Прослушав эту речь, я был вынужден признать миролюбие трублионов и таким образом постиг правдивость прорицания, начертанного панзустской сивиллой на листе древней сикоморы:
О трублион, о чем хлопочешь?
Напрасно глотки не труди —
Коль мирный дух восславить хочешь,
Так сам войною не смерди.
Салон г-жи де Бонмон стал удивительно оживленным и блестящим со времени победы националистов в Париже и избрания Жозефа Лакриса в Грандз'Экюри. Вдова великого барона объединяла у себя цвет новой партии.

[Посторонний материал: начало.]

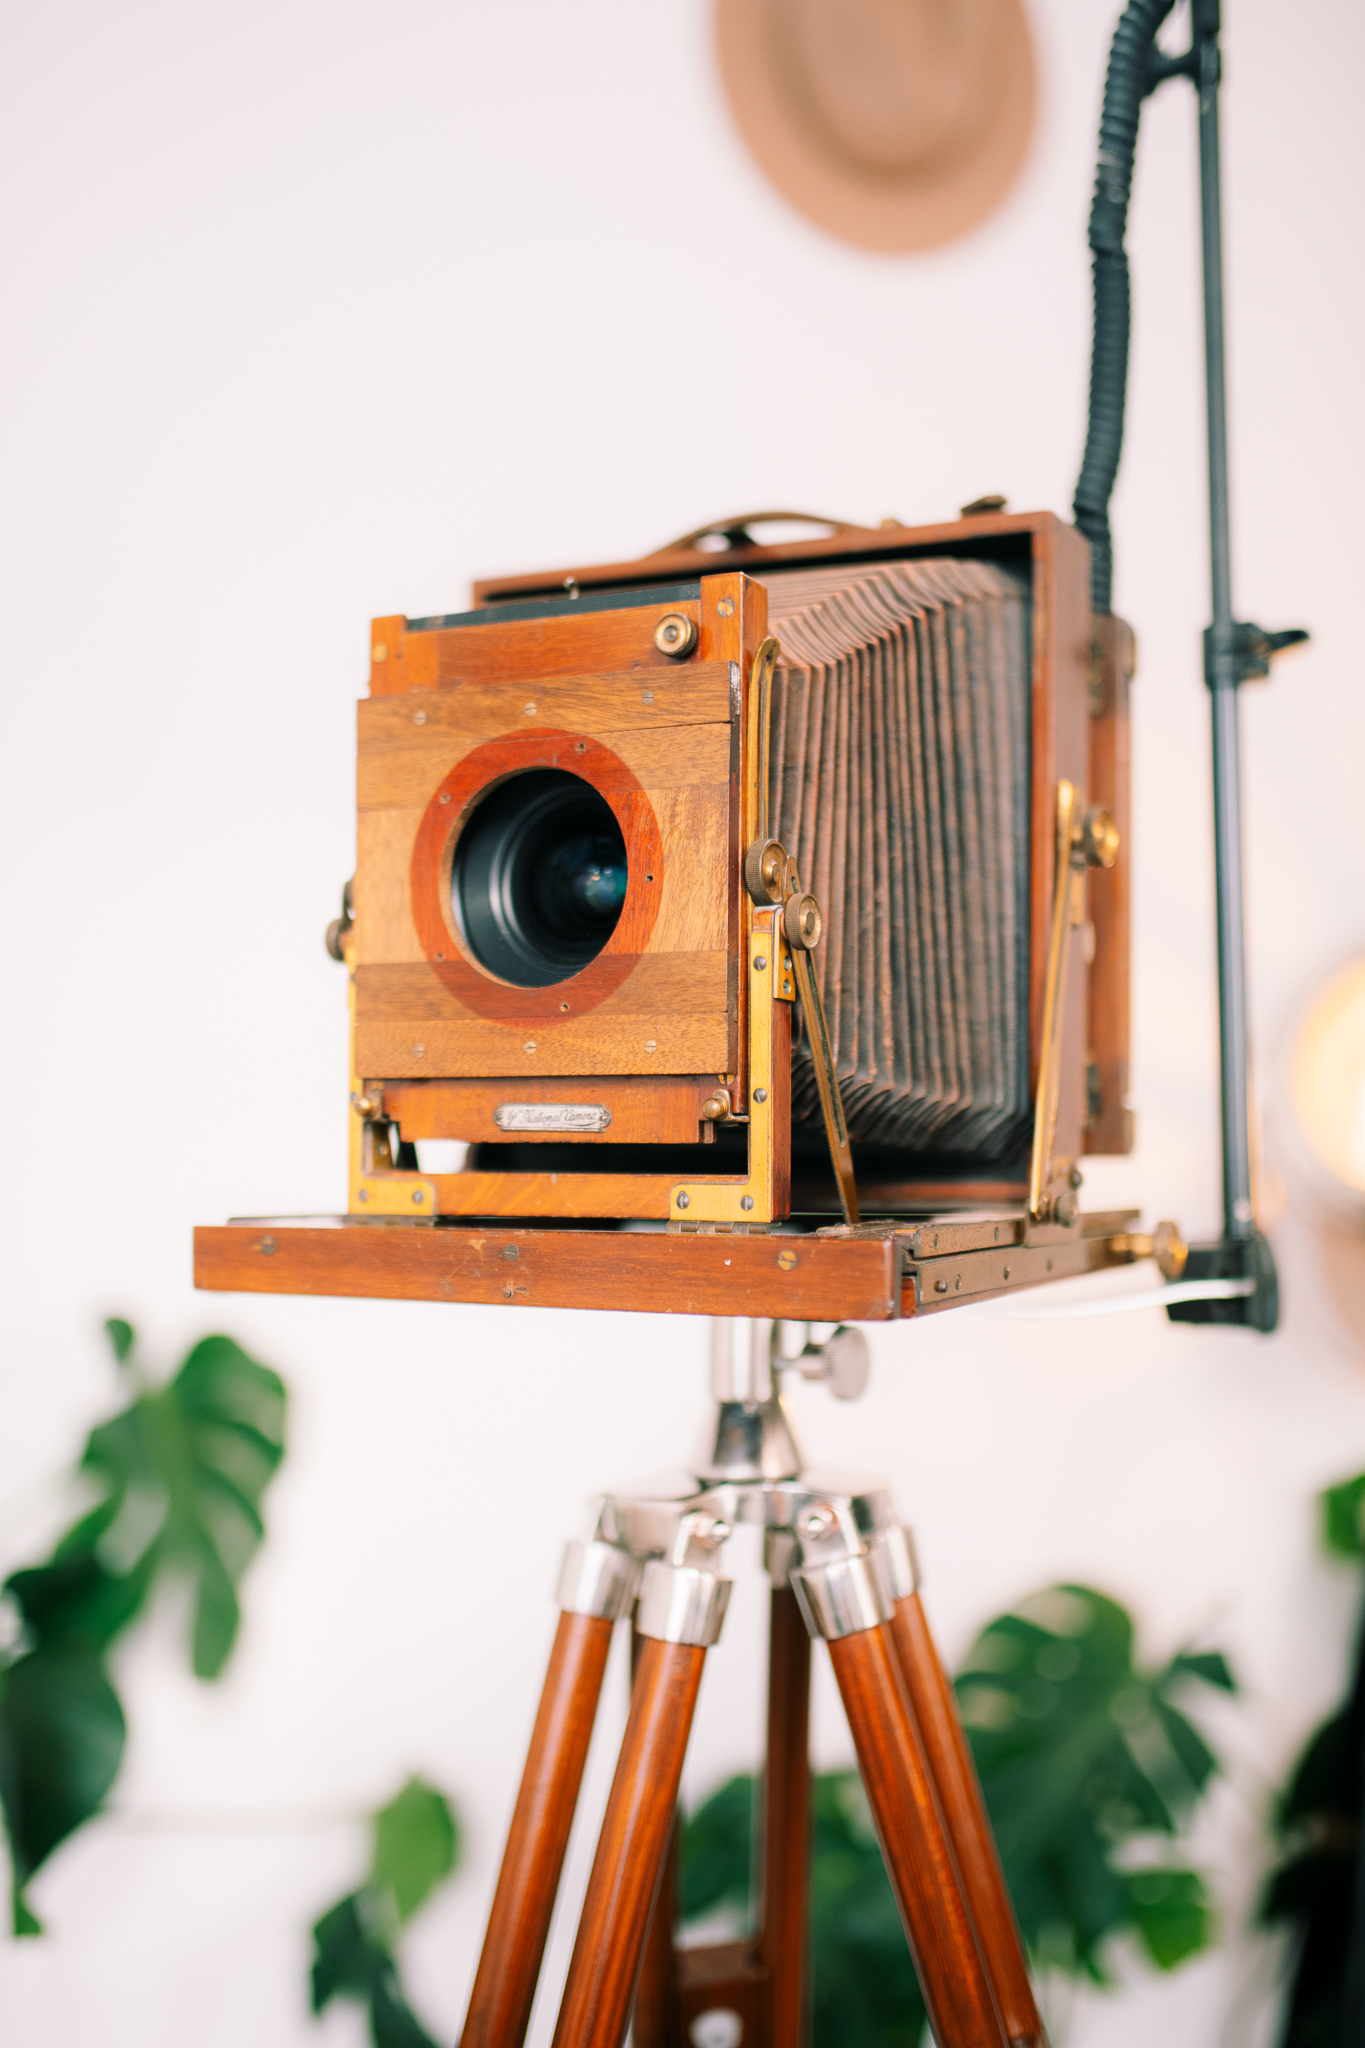 Vintage analog camera styled photobooth with a digital camera inside
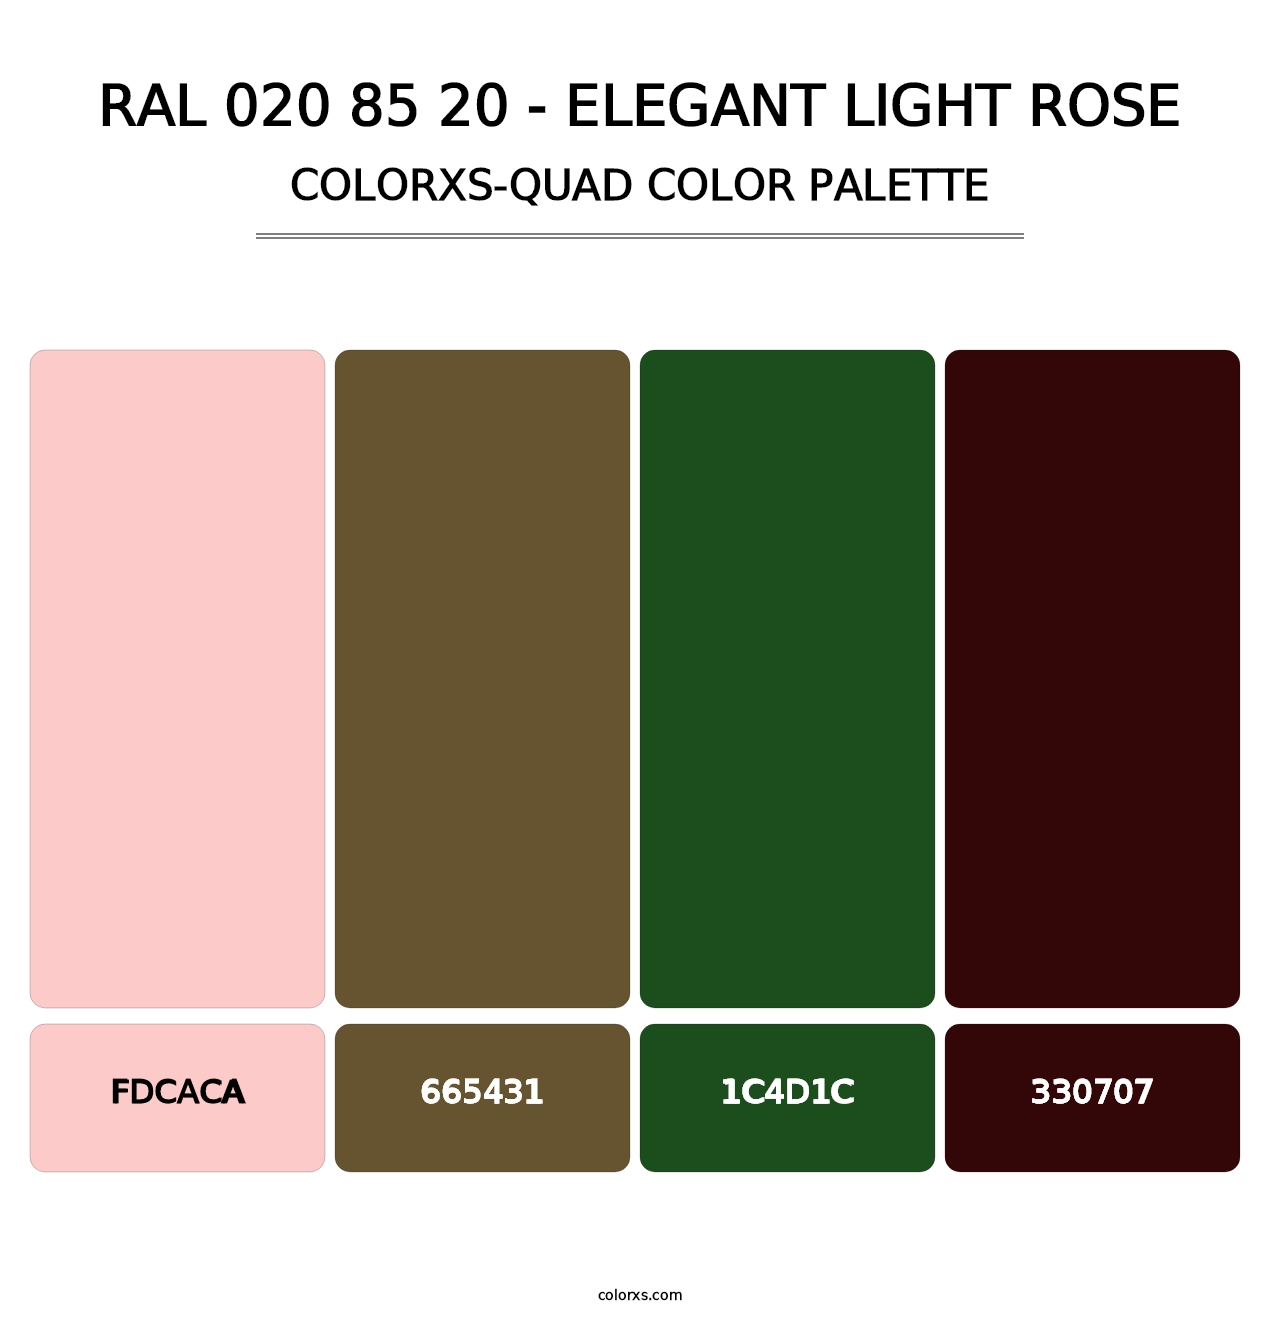 RAL 020 85 20 - Elegant Light Rose - Colorxs Quad Palette

Один старый раввин из предместья Сент-Антуан уверовал в то, что кроткая Элизабет привлекла врагов избранного народа по особому повелению бога Израиля. Длань, думал он, некогда приведшая племянницу Мардохая на ложе Ассуэра, пожелала собрать вождей антисемитизма и князей трублионских вокруг еврейки. Правда, баронесса отреклась от веры отцов. Но кто может проникнуть в помыслы Иеговы? Художникам, которым, подобно Фремону, мерещились мифологические фигуры из немецких замков, ее пухлая красота венской Эригоны представлялась аллегорией националистского вертограда.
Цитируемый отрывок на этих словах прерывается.